GBor, spacecase is referring to a geometric non-linear buckling analysis. The best piece of advise that I can give to you is that you need to introduce a small (the fun part is that you have to determine what constitutes small) perturbation into the geometry in order to initiate the buckling failure. You are, however, on the right track that you will basically run the analysis until it fails to converge. My trick for figuring out what sort of perturbation to use is to base it on the linear (eigenvalue) buckling solution.

Feel free to come back with more questions, although I am pretty sure that this topic has been discussed before in the forums.
 
like GBor, I'm confused with your post.

"fixed free" end conditions ... 1 end fixed & 1 end free, or pinned; thw rod "free" could be redundant if you mean both ends fixed.

does the NASTRAN 54 lbs relate to the secant calc'd 12 lbs in any way? possibly you mean that the euler buckling load is 54 lbs and adding the offset to the loading conditions reduced this to 12 lbs.
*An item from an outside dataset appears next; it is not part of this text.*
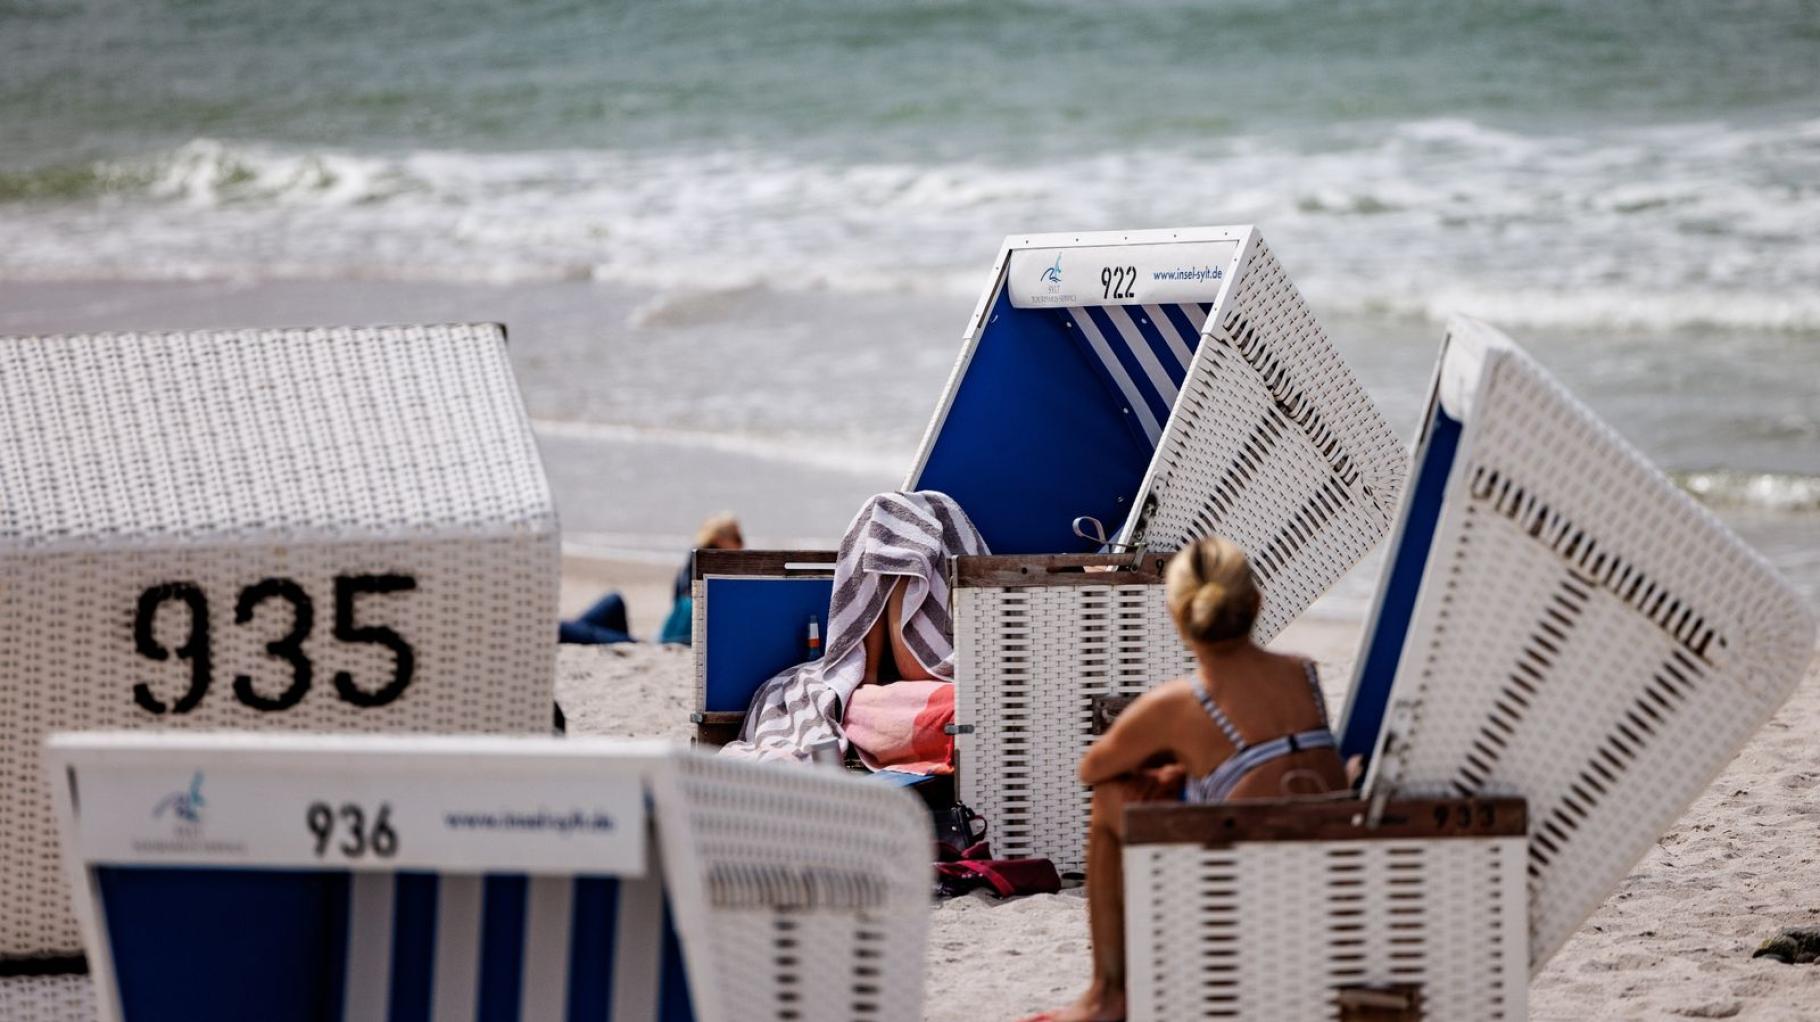 Strandkörbe für Sommer an der Ostsee schon jetzt begehrt

The offset loaded column isn't a traditional euler failure, in that there is a moment in the column from the start, which justs increases to a critical value; thus it is easier to analyze. but the problem is still non-linear (geometrically as well as materially).

if you tried a non-linear NASTRAn run and got good results for a load of 60 lbs, when you were expecting failure at 12 lbs, then something is very much amiss. one thought would be to model a simple column with a very simple material, something you can hand calc, to make sure you're modelling what you think you are.

good luck
 
What sort of elements are you using, beam, shell, 3D? You need a fine enough mesh to describe the buckling shape. I have seen people try to do a buckling analysis on beam elemnts without any subdivisions!
 
i disagree with TGS4, for what that's worth !

i don't think you need to introduce a flaw into your strcuture, since with eccentric loading your column is starting to deflect from the get-go (unlike an euler column).
 
crisb,
The model is made up of a fine mesh of tets w/ midside nodes. It is a flexure that has some bulk added to the base for stress control.

rb1957,
Fixed-Free boundary conditions refers to fixing the base of the column and leaving the top of the column unconstrained. This is the most conservative boundary condition for buckling. The NASTRAN 54lbs runs a long the same lines as the Euler buckling solution, and is in the ball park of the hand calc. The Secant formula is a nonlinear hand calc that takes into account eccentric loading. I do not believe you should rely on Eulers once eccentricy comes into play. So right now I am relying this 12lb value for the critical value, but its causing my margins of safety to border on the negative side of things. And of course there is not a desire to alter the design.

TGS4,
I remember reading some of the past posts that mentioned adding a perturbation, but I guess that it wasn't clear to me what that was exactly.

I am assuming this a small transverse force applied at the loading point? Is it common practice to apply this force or is it something for only small eccentricities? What kind rule of thumb percentage of the linear critical load do you look for?

As far as application in the nonlinear run, do I apply this force in the first load step, then remove it in the second load step? Big Thanks!!!
 
this is a site i pulled up for eccentrically loaded columns ...

i'm sure you know all this ...
be carefull applying some of the results in your specific application. the "secant column formula" which is the last result derived assumes a linear stress field. if you wanted to use this you'd need to calculate an equivalent cozzone stress to account for material non-linearity (if that's what you're after, remembering that this problem is geometrically non-linear too). this site gives predictions for the deflected shape of the column which should be applicable to your case, but i wonder if these are applicable in a partially plastic column (maybe not).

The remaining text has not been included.